Adderall 2 days in a row now makes me paranoid, and I've never really been able to get a doc to prescribe vyvance or anything else, and frankly at this point, I'm afraid to do stimulants. Strattera made me feel weird.
Has meditation helped? cutting sugar, more exercise? keto? nofap? I'm really battling trying to focus on one task, then realizing I want to do 100 other tasks, so I start the research into all of them, thinking I'll do them all, one at a time, and 1000 browser tabs later (not an exaggeration 32gigs of ram can manage that), I realize I'll get none done.
I stopped taking Adderall about 8 years ago and have been managing my symptoms with a mix of lifestyle changes and coping mechanisms that I learned in therapy. Some days it's enough, some days it's still difficult.
Overall, being stable and well-balanced in my lifestyle makes the biggest difference to me. Sleeping 8 hours a day, showering every morning, having nutritious and regular meals, drinking lots of water, balancing work/home/exercise time all help. Maintaining healthy relationships and emotional well-being are really important too. I don't drink or do any drugs because I find they make my ADHD worse even days afterwards.
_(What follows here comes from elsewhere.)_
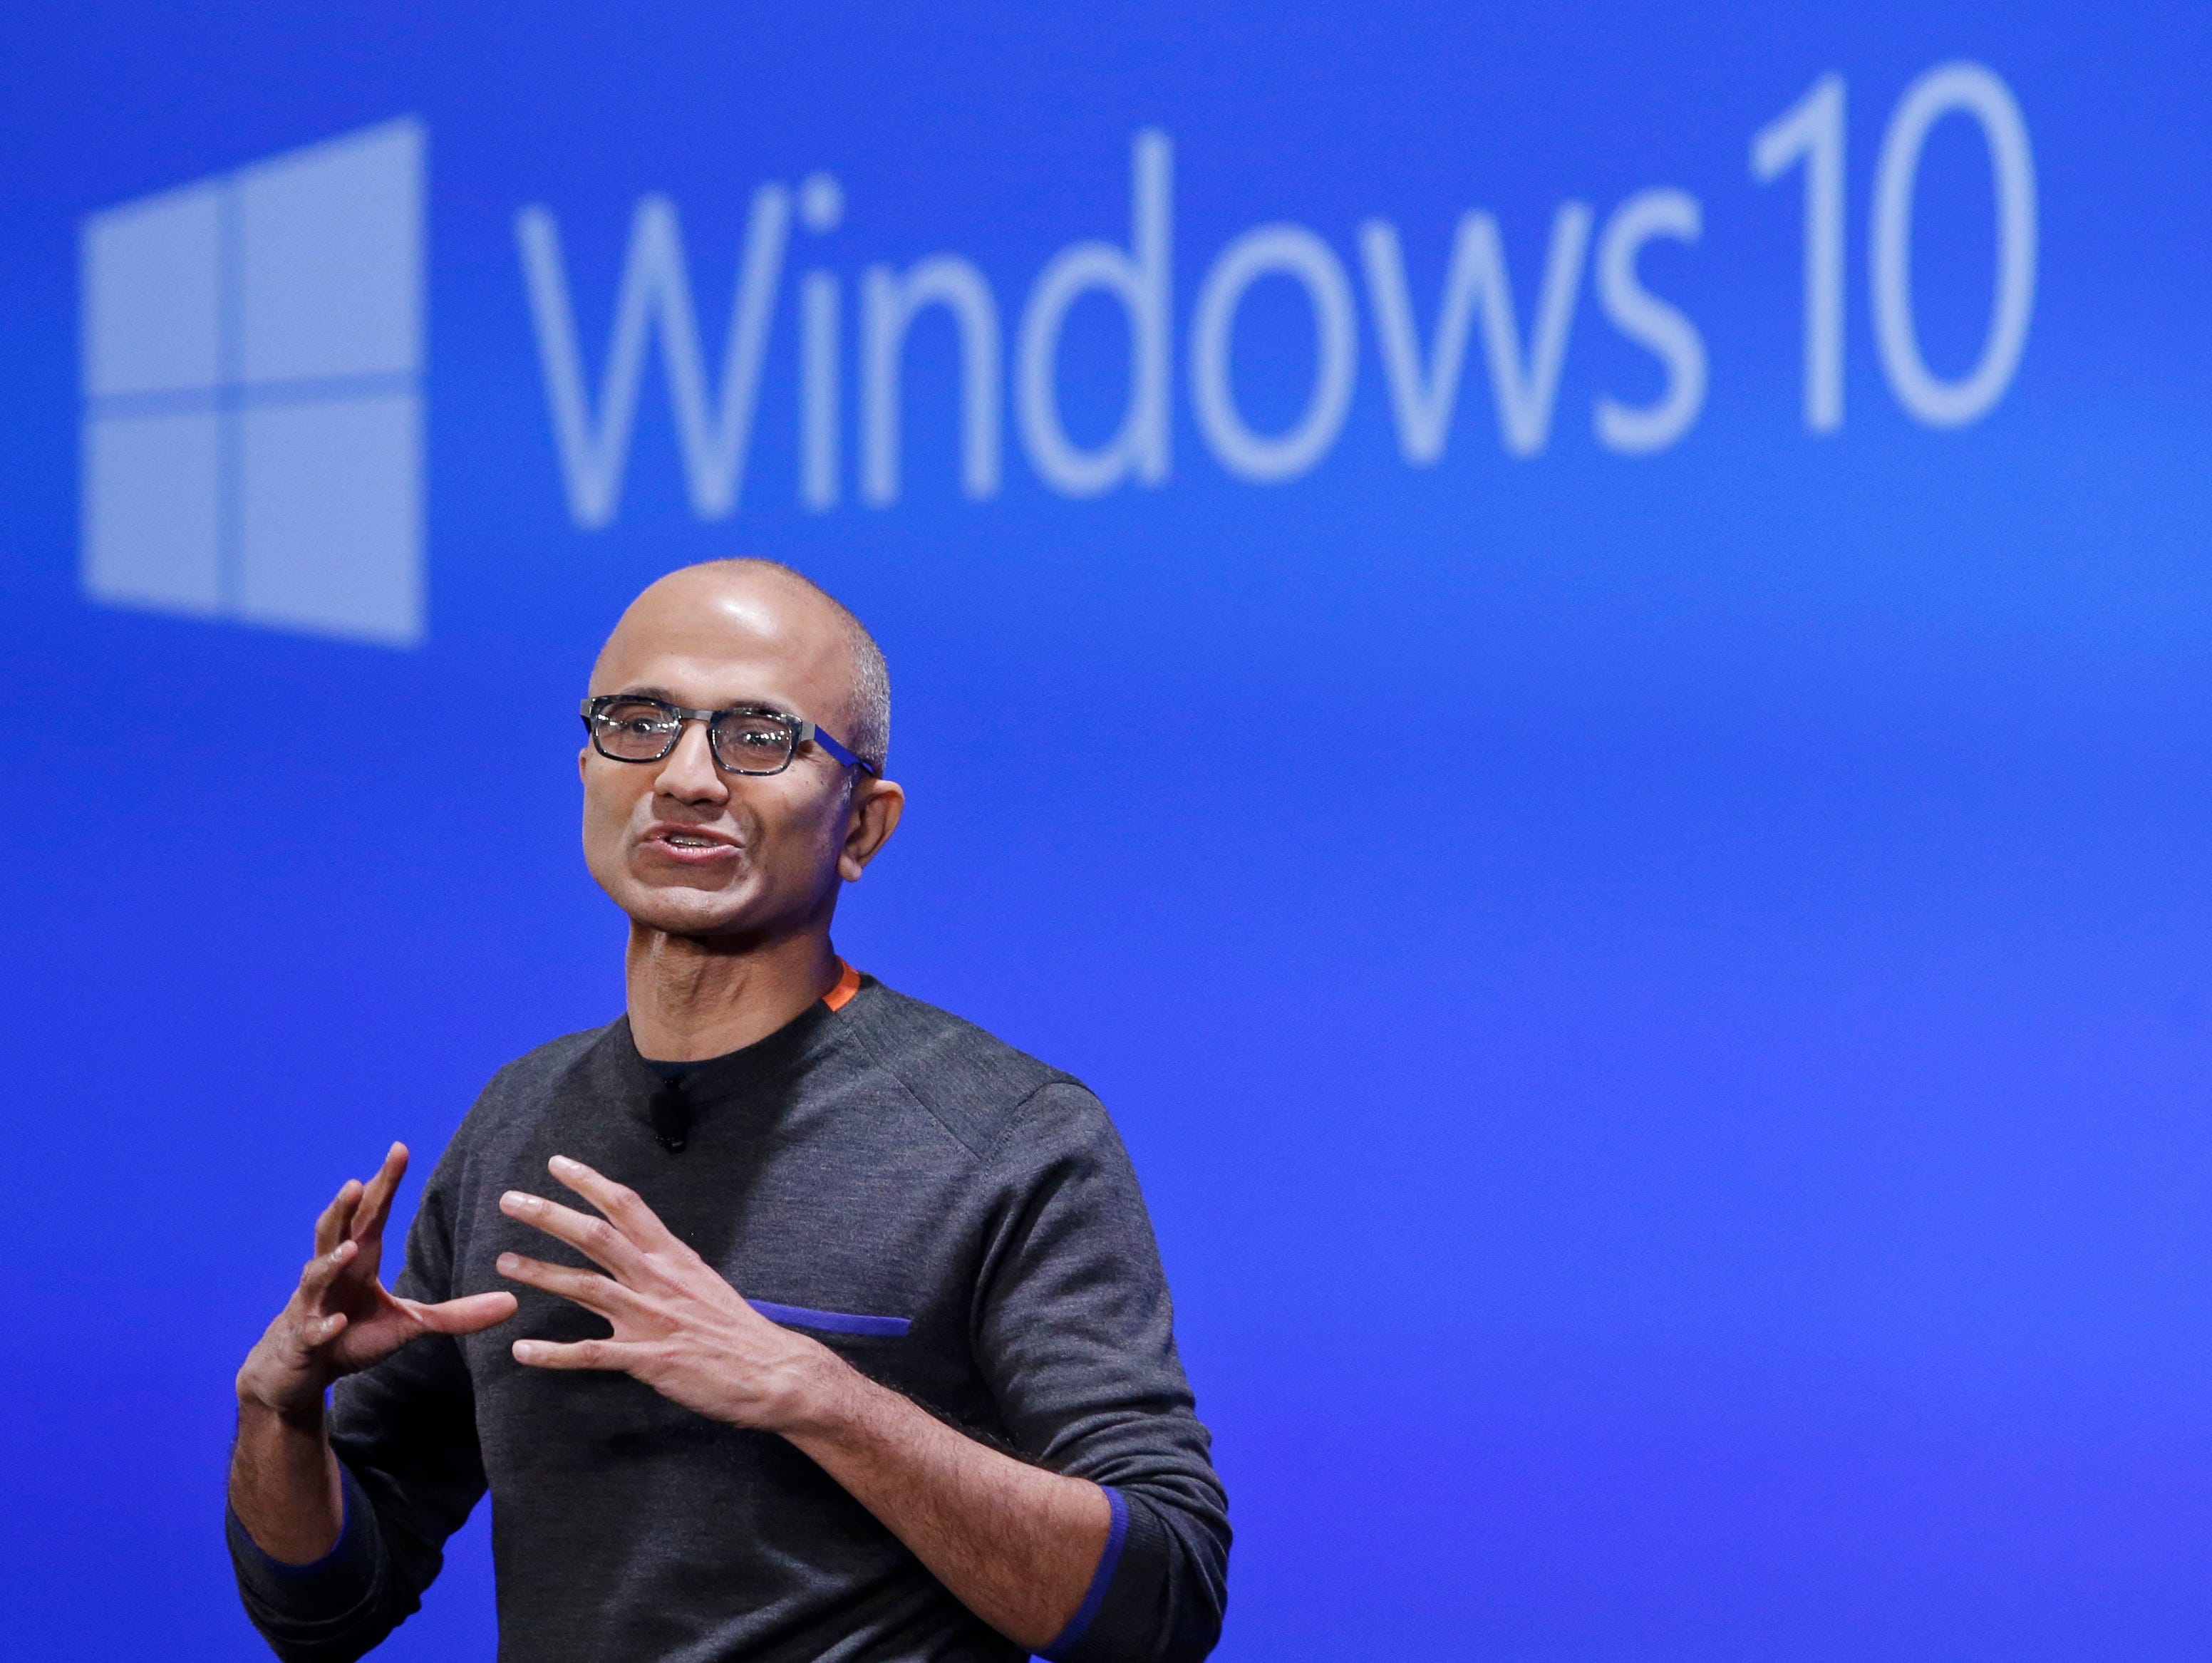 FILE - In this Jan. 21, 2015 file photo, Microsoft CEO Satya Nadella speaks at an event demonstrating the new features of Windows 10 at the company's headquarters in Redmond, Wash. Microsoft reports quarterly financial results on Monday, Jan. 26, 201

Basically, I try to put myself in the best position to succeed every day. Showing up rested, fed, on good terms with everyone, not stressing, make a huge difference.
But finally, these work FOR ME. You need to find your own balance and find the things that make you feel good. And you may still need medication - these only go so far. Don't feel like something is wrong with you if my tips don't do it for you.
This part is hard for me. I am never hungry even I wake up, and I literally can't force myself to eat. I'm get sick. I have a LOT of food issues, though.
I've opted for complete foods like Huel powder (comparable to Soylent) as it takes the stress out of eating for me. For some reason, drinking my calories is a lot easier plus it's simple to just carry around some powder and mix it with water on the go when I feel hungry but too overwhelmed to find food.